Suppose there are 2 honest miners A and B, in two different parts of the world. A solves the puzzle and broadcasts his block in the network. Before this block reaches B, B has also solved the puzzle and he also broadcasts his block as he is not yet aware of the block mined by A. So some of the nodes in the network have added the block mined by A to their local copy of ledger and others have added the block mined by B. Ultimately one of these blocks gets dropped. This is known as chain reorganization.
Although the dropped block had honest transactions it got dropped and all that hashrate was wasted which could have been used to mine another block which would have made the network more secure. More the size of the block more the wastage of hashrate.
Any transaction that takes place on the ethereum network has to be validated and stored by each node in the network so that every node has the same state. This puts a limit on the throughput on a protocol level and hence no matter what the implementation, without changing the protocol it is difficult to solve the scalability issue.
What if all nodes don’t have to process each transaction? If the network is divided into some sections which can work semi-independently, each section could process a different batch of transactions and hence increase the throughput by many folds. Each of these sections is termed as ‘shard’. This is the idea behind sharding.
Layer 2 Solutions
These solutions don’t change anything on the protocol level and are built on top of the same protocols, a kind of a second layer on top of Layer1 hence the name.

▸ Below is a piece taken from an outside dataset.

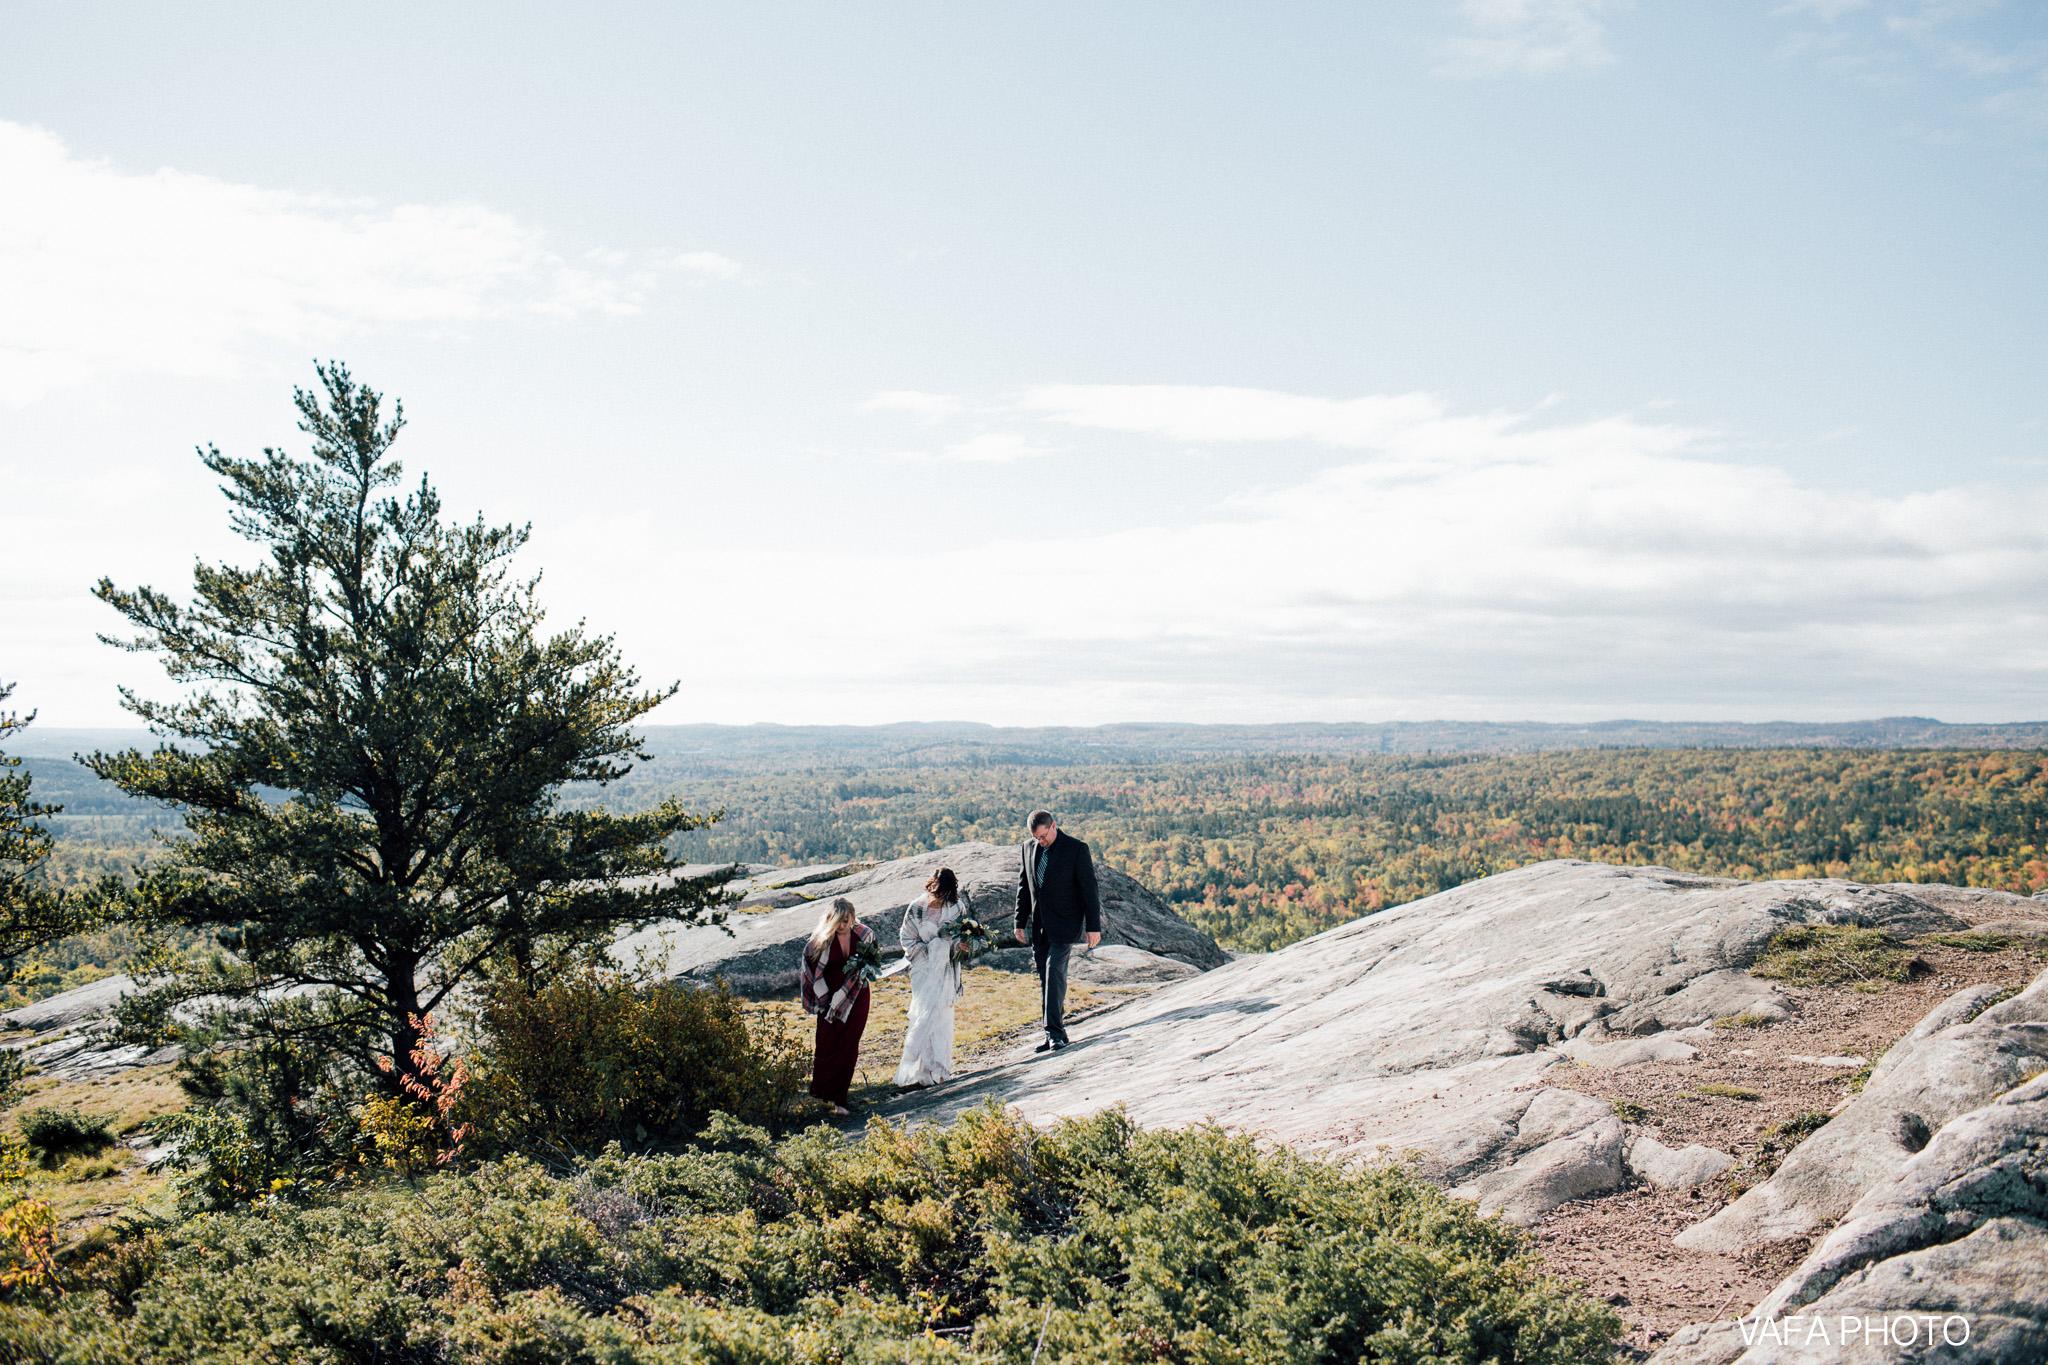 Hogback-Mountain-Wedding-Chelsea-Josh-Vafa-Photo-169.jpg

The purpose is to make maximum possible use from available throughput. We try to squeeze in maximum possible number of operations. This works by creating a second layer which is hinged around first layer. All the transactions in Layer2 take place off chain, those transactions need not to be included in Layer1 instantly. All the transactions are recorded off chain and the net result is finally pushed in the Layer1 thus giving them security of Layer 1.
Although the finality of the transaction is less in Layer 2 transactions than Layer 1 transactions, Layer2 transactions are also secure and final enough for many practical purposes. State Channels and Plasma are examples of proposed Layer2 solutions.
In the next part of this series we will have more in depth discussion on Plasma and State Channels.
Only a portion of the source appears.